***** Given information *****

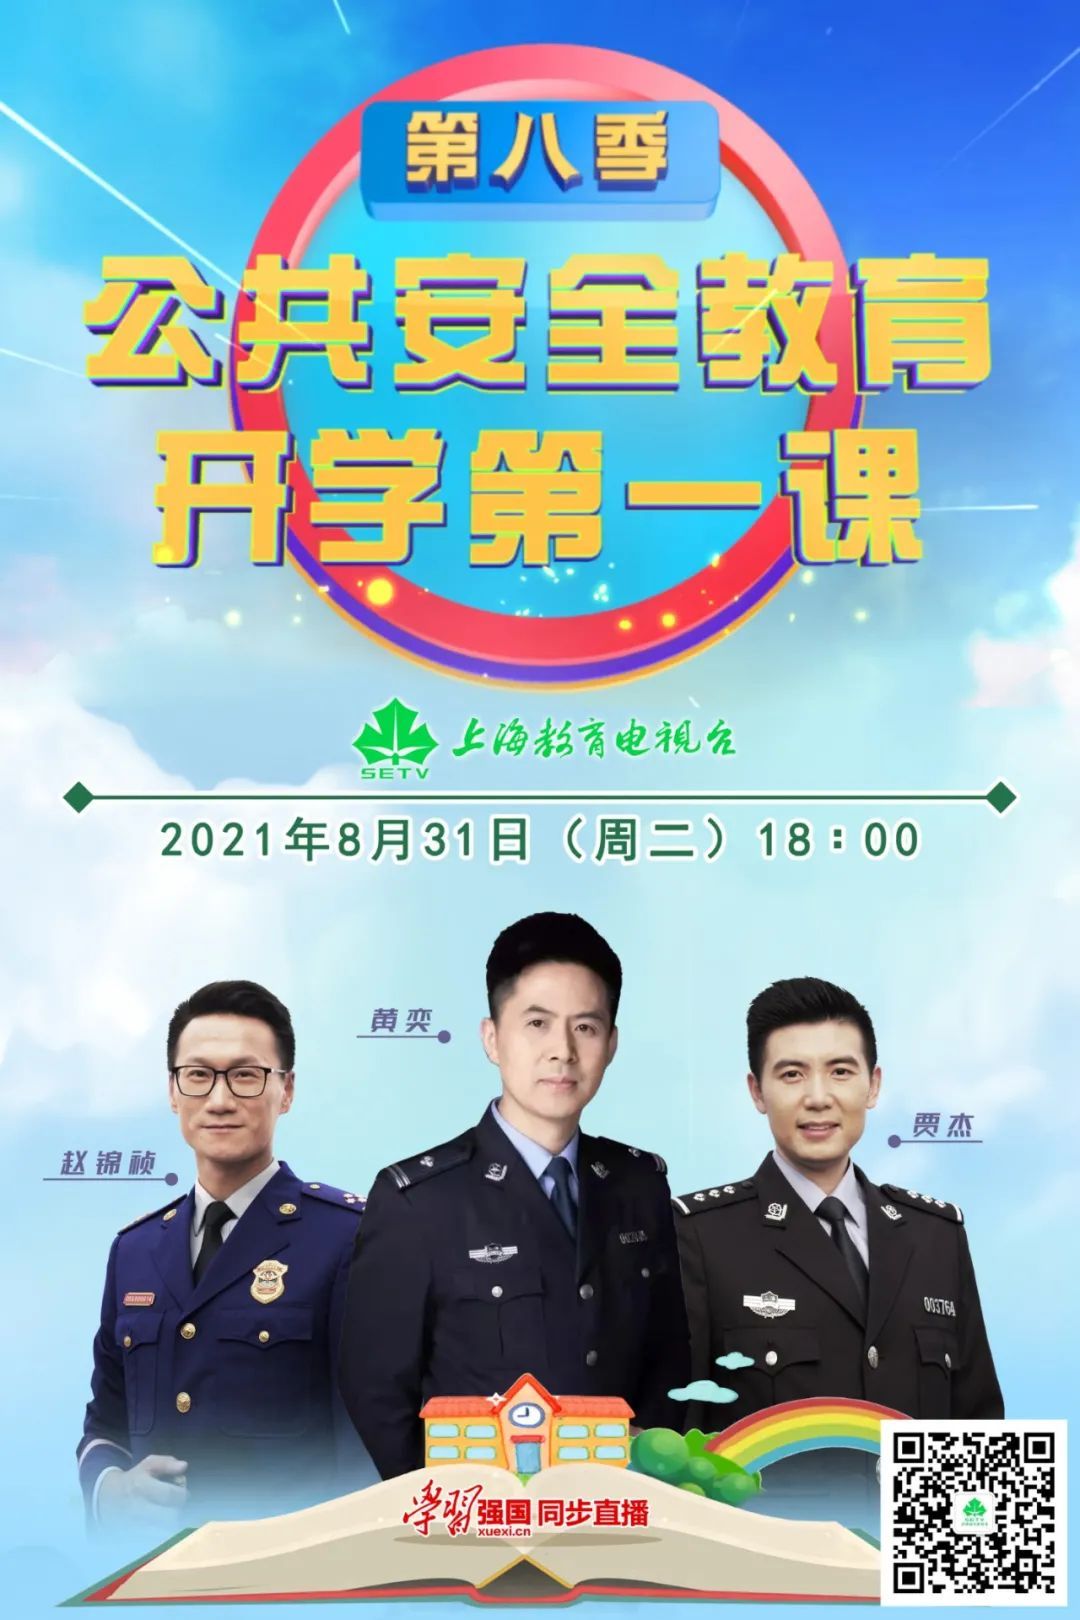 8月31日18:00至18:45,节目将在上海教育电视台首播,上海广播电视台
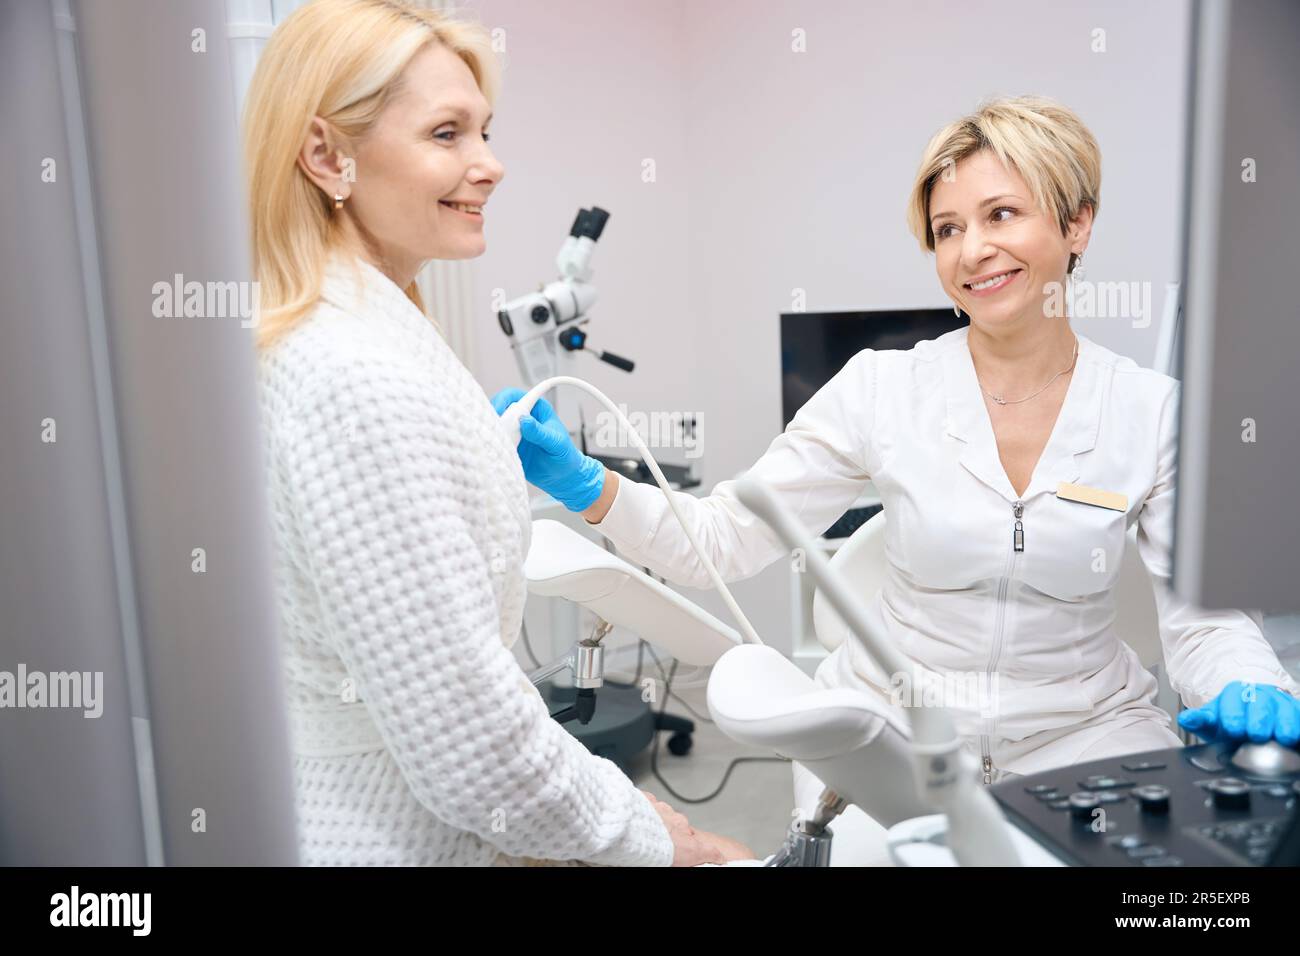 Patientin und Gynäkologe lächeln bei der Untersuchung der Brustdrüsen Stockfoto
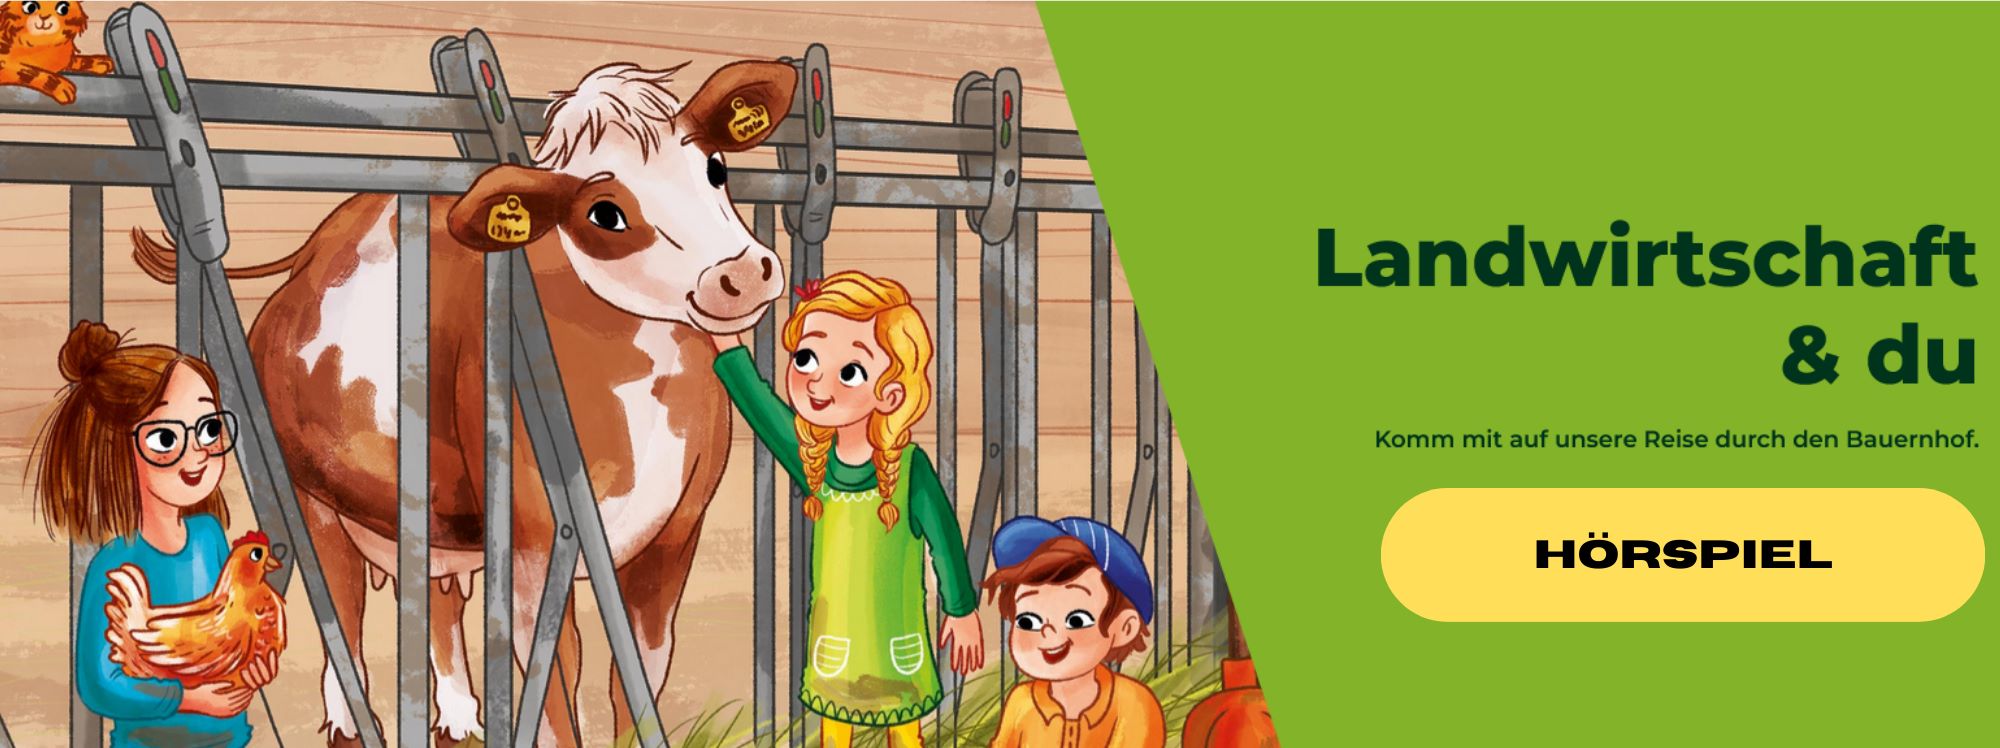 Am Titelbild von Landwirtschaft und du sind drei Kinder mit einer Kuh, einer Henne und einer Katze in einem Stall mit Kombinationshaltung abgebildet.
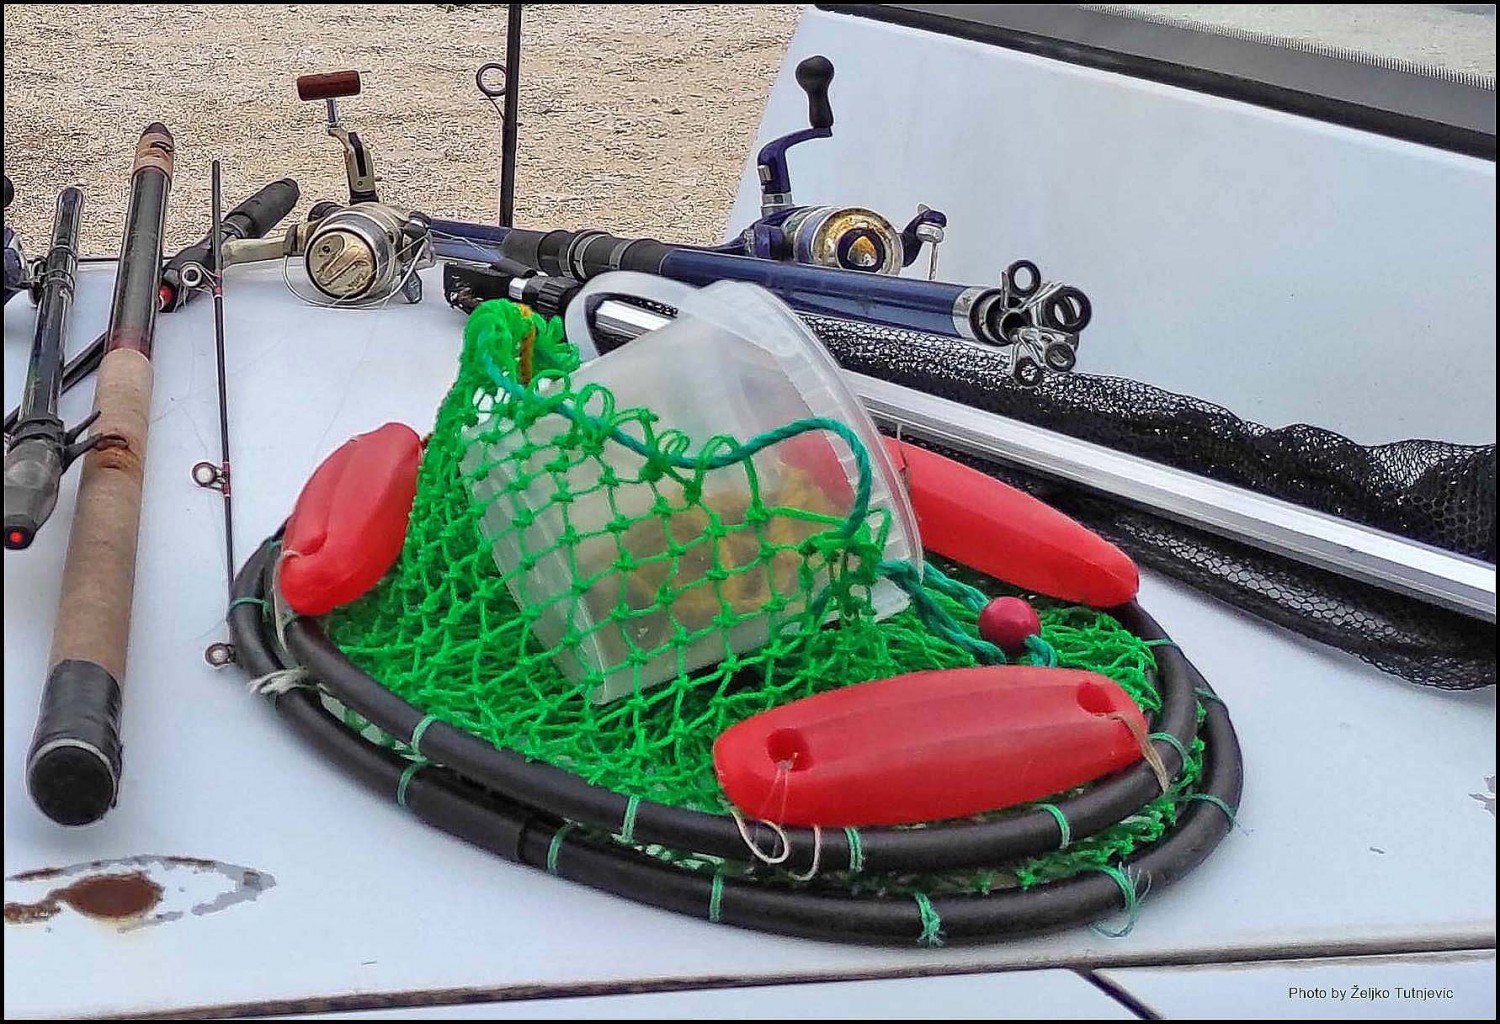 Na dubrovačkoj plaži izgubljena je mrežica za ribu, nalazniku nagrada (FOTO)

*****

• Task goal: Please write out exactly the lines from the one holding "Am Titelbild von" through the last line of the material above, both included, as a copy without pictures.

• Answer to this problem:
 Am Titelbild von Landwirtschaft und du sind drei Kinder mit einer Kuh, einer Henne und einer Katze in einem Stall mit Kombinationshaltung abgebildet.
 Na dubrovačkoj plaži izgubljena je mrežica za ribu, nalazniku nagrada (FOTO)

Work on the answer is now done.